→ **Work to be completed**:
Your output should be everything below from the line containing "Felici donne escursionismo" down to the line containing "Mặt cắt dự án", both ends included, copied exactly, with pictures left out.

→ **Data for this task**:
Content starts

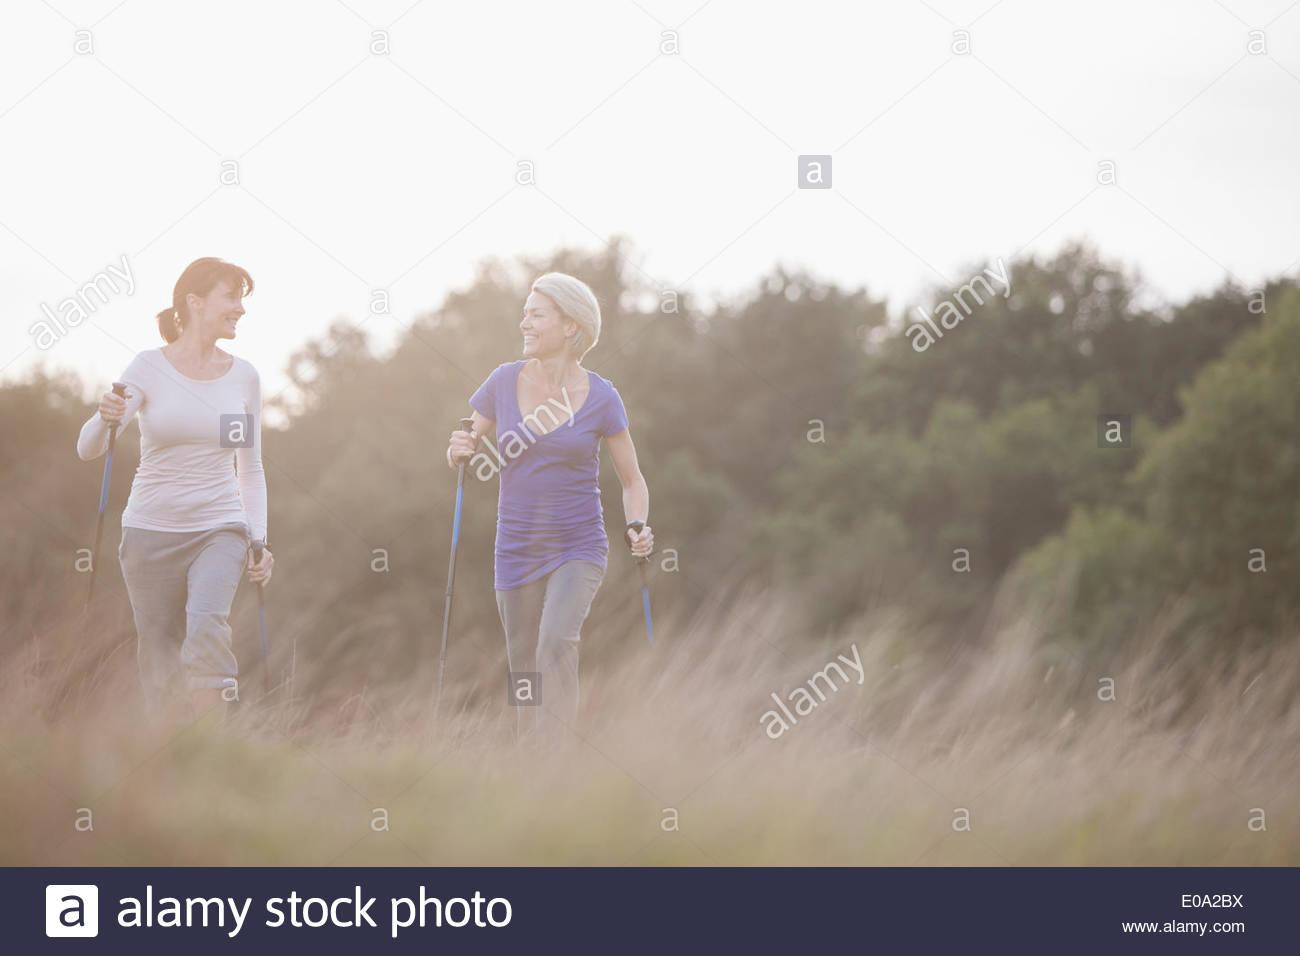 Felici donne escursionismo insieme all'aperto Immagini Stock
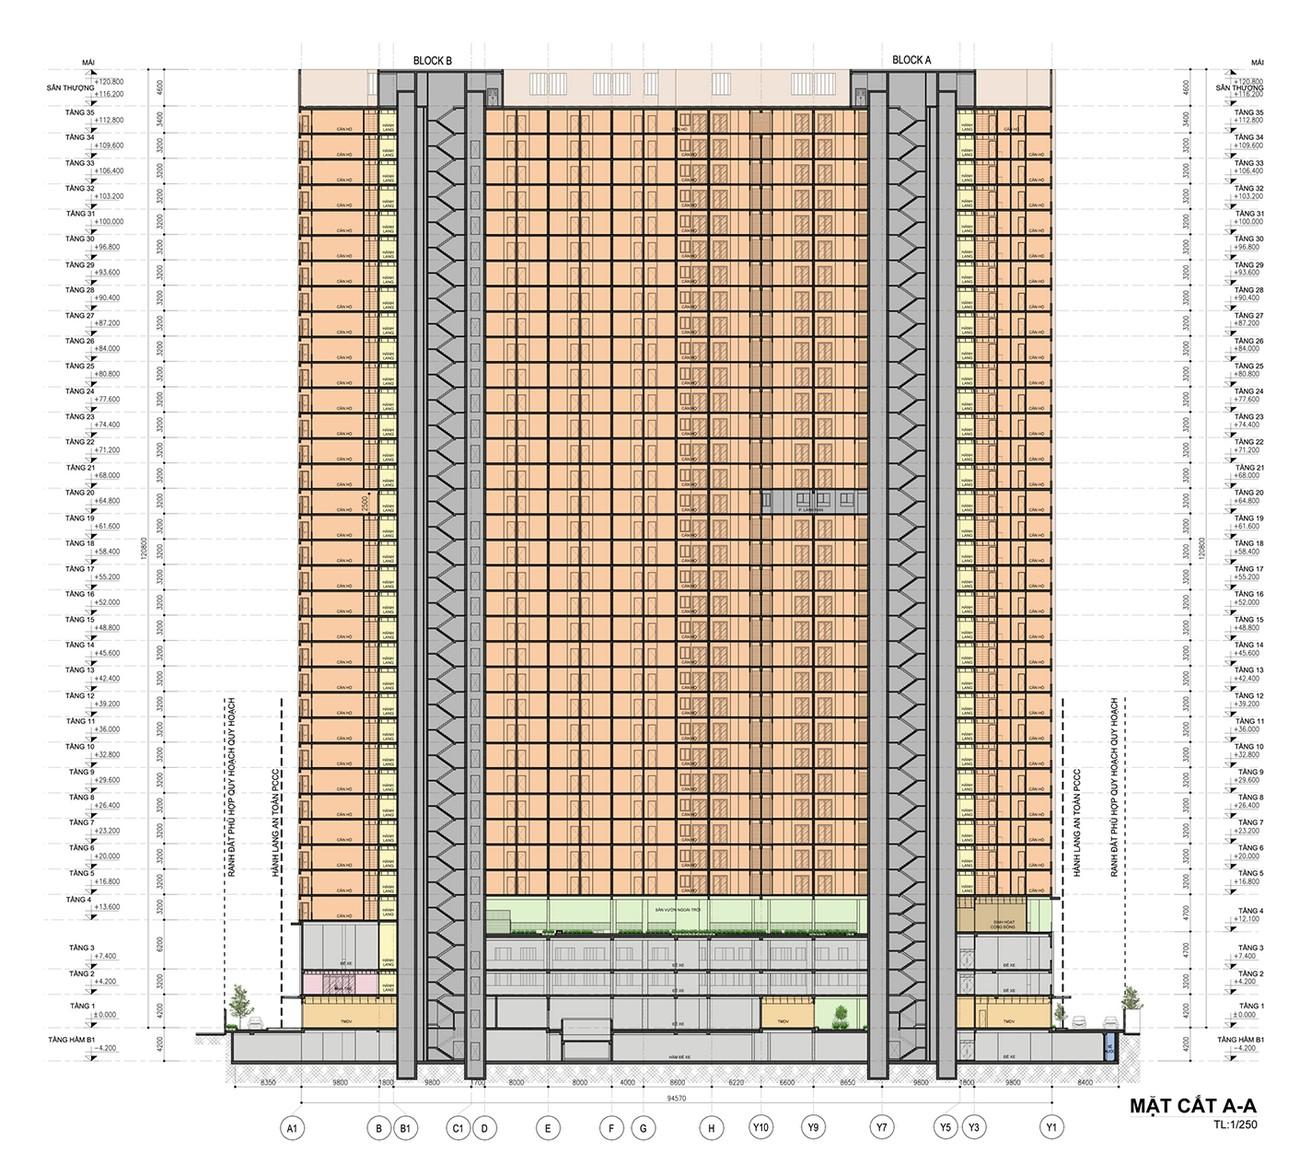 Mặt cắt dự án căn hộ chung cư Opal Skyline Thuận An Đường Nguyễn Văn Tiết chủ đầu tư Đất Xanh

Content ends
Content starts

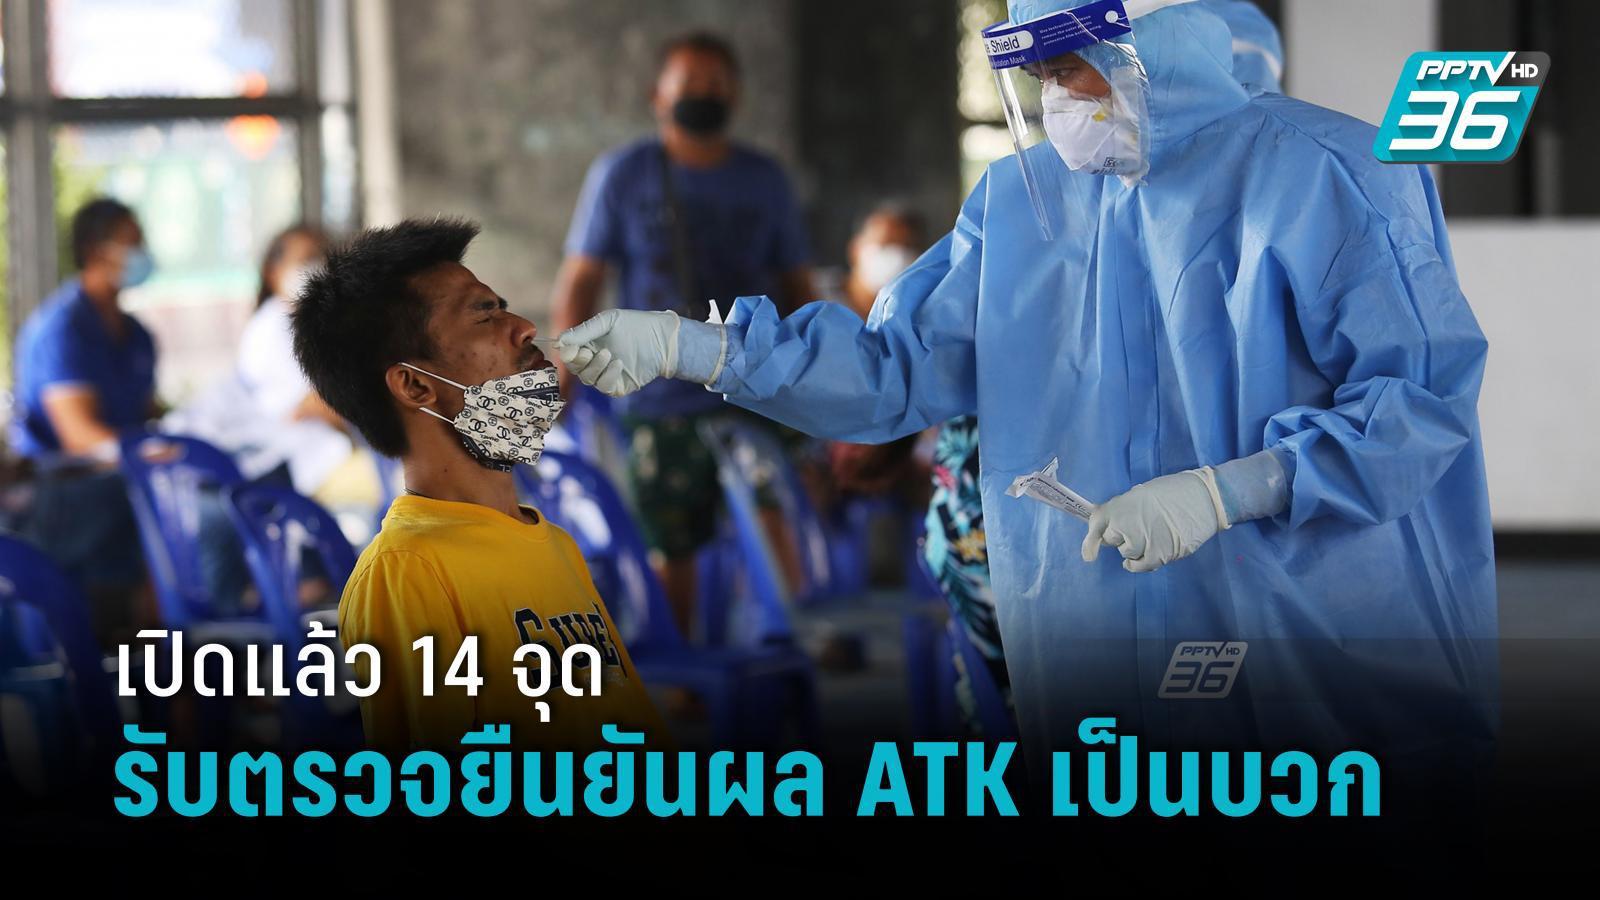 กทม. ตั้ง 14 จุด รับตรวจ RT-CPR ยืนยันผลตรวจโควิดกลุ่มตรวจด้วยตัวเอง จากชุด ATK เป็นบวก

Content ends

→ **Result**:
 Felici donne escursionismo insieme all'aperto Immagini Stock
 Mặt cắt dự án căn hộ chung cư Opal Skyline Thuận An Đường Nguyễn Văn Tiết chủ đầu tư Đất Xanh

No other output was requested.